Now, back to my "wrong questions" assertion. In the event that the queries we are posing are incorrect, what inquiries do we need to make? Let's pose the incorrect queries first. The excessively prevalent zero-sum game mentality of the internet might be difficult to ignore. Because it makes for compelling clickbait, the first thing that comes to mind is whether GenAI will eventually replace humans. It's not the right question. The relationship between people and technology requires a certain amount of synthesis, balance, and equilibrium. Because humans may conjure up new futures by using their innate creative abilities, this equilibrium is constantly shifting. As those aspirations come true, we adapt and transform our relationship with technology. The proper query is: How can we rebalance our system to optimise the benefits of our collaboration between humans and GenAI? How can we investigate improving human augmentation?
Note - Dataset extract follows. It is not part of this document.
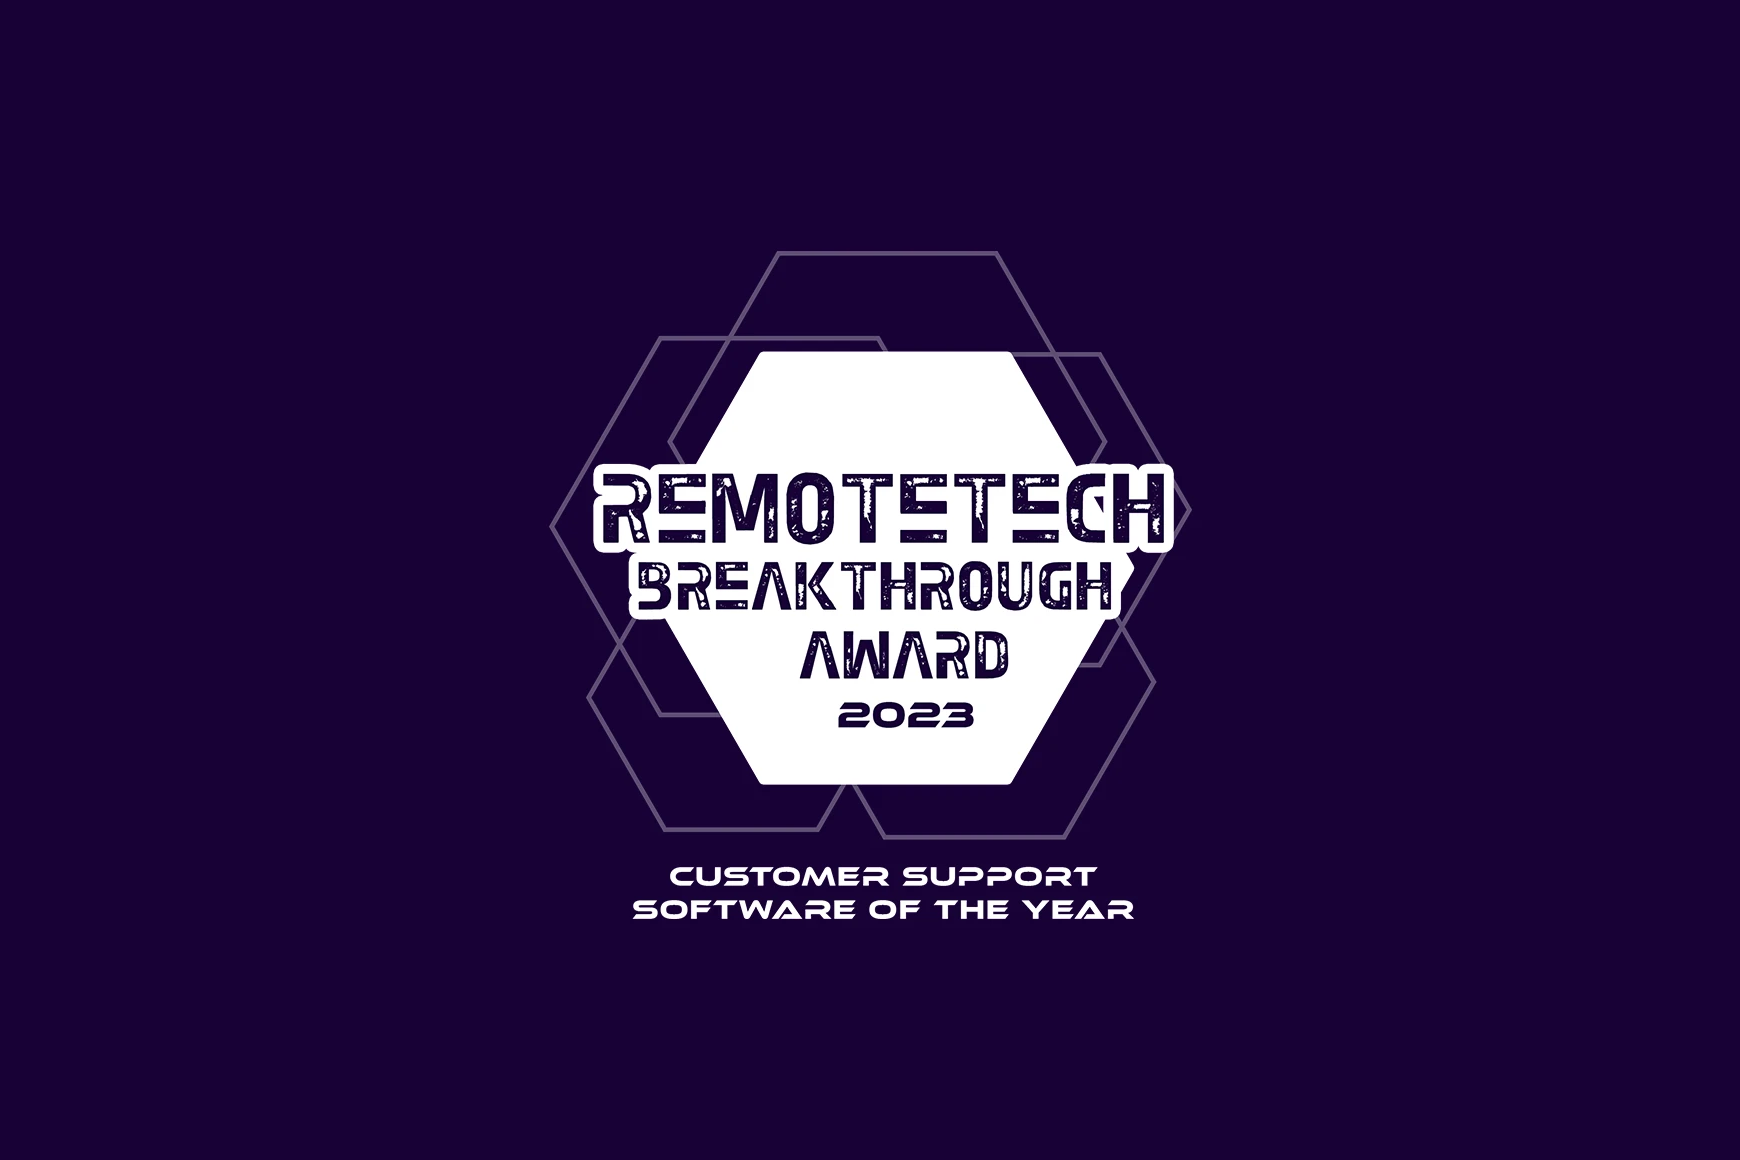 Talkdesk Financial Services Experience Cloud Wins 2023 Remotetech Breakthrough Award

Using GenAI to reduce costs by eliminating human labour is not a 10x idea. The issue of replacing humans highlights a lack of understanding of the larger system because reducing costs is frequently a short-term benefit that results in a longer-term decline in competitiveness. Humans are undoubtedly capable of greater creativity.
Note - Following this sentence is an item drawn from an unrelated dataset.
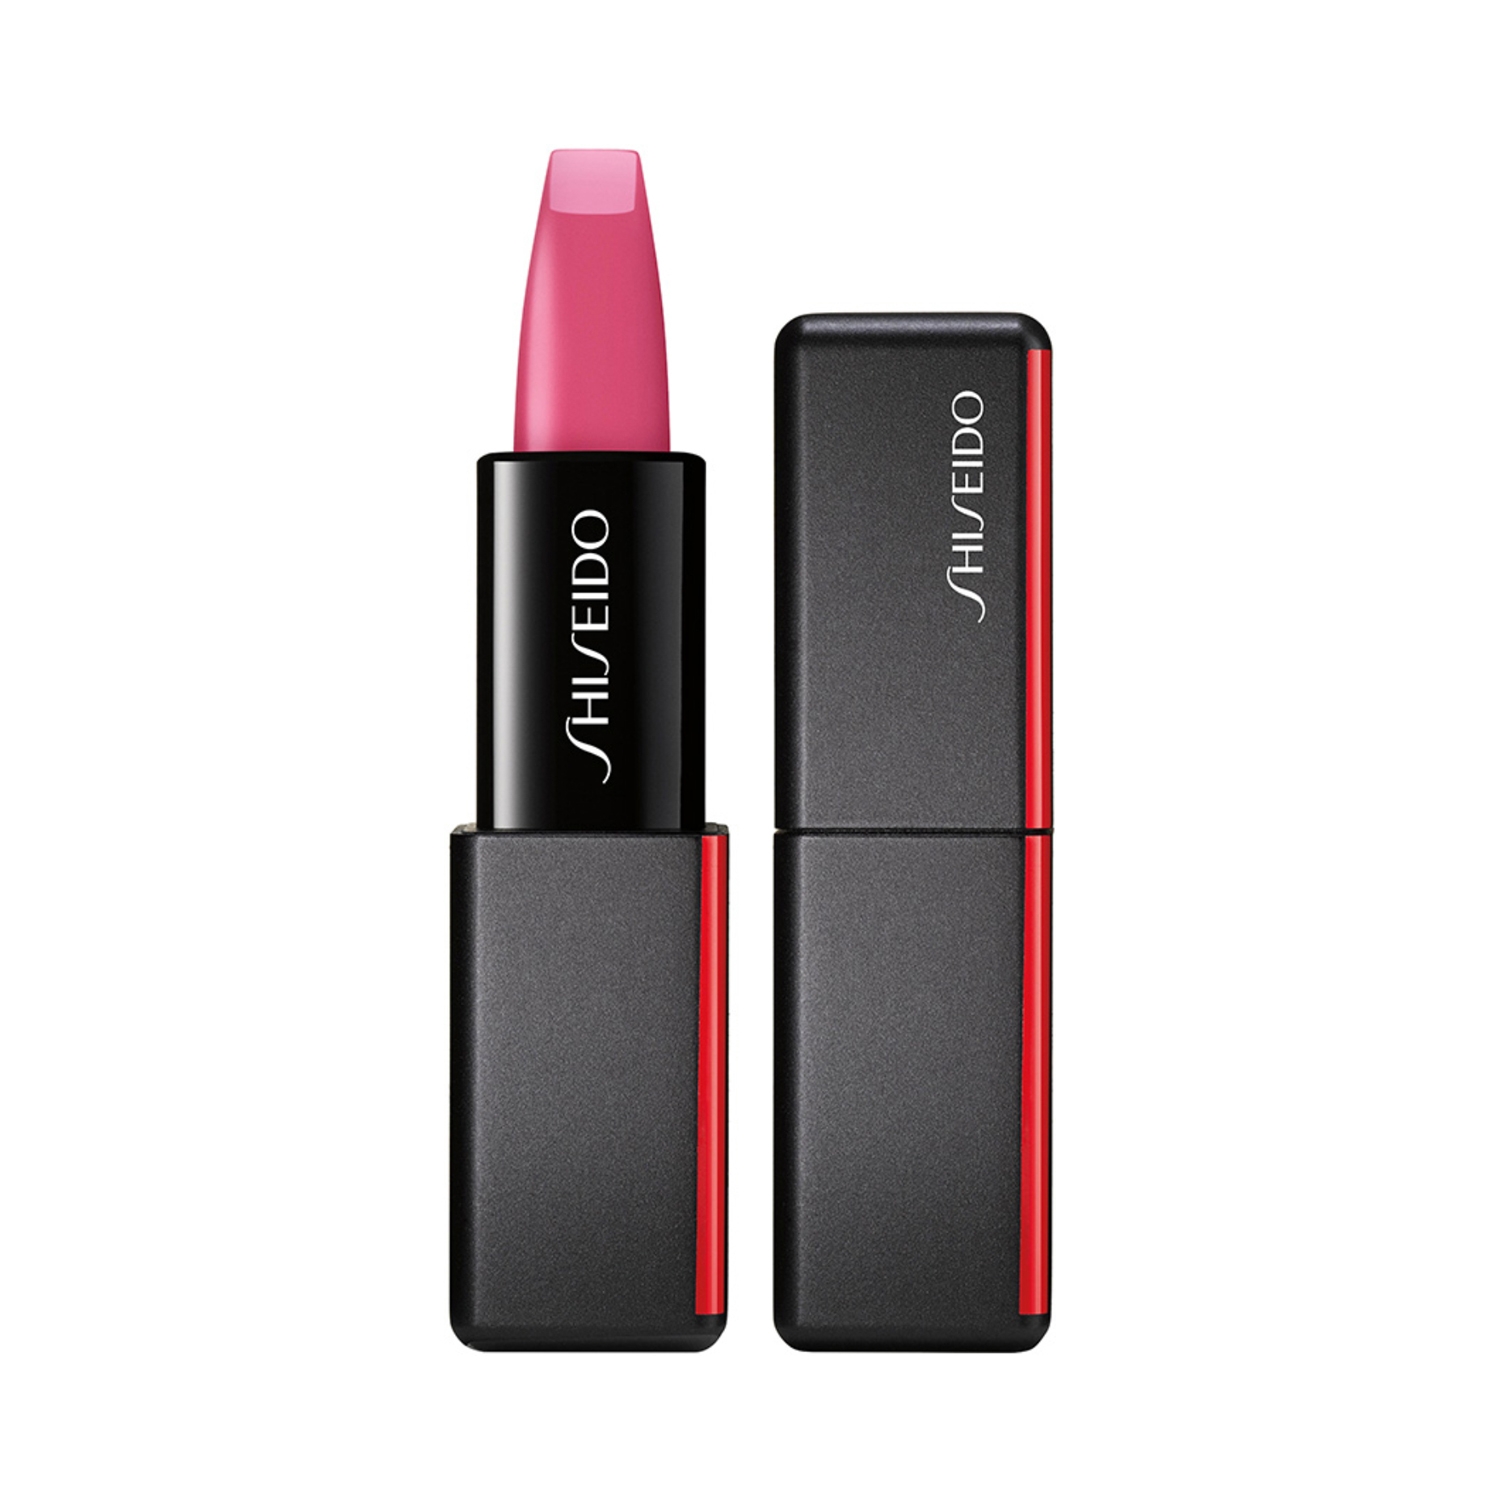 Shiseido Modern Matte Powder Lipstick - 517 Rose Hip (4g)

AI has been hailed as the next big thing for a long time. The future is now more widely spread, or at the very least acknowledged, as the next revolution because of ChatGPT and GenAI. I suggest you think beyond the first use cases and do what people do best: imagine a creative future in which GenAI works alongside people rather than as a substitute for them. This imagined future will come to pass, but will it come to you in equal measure?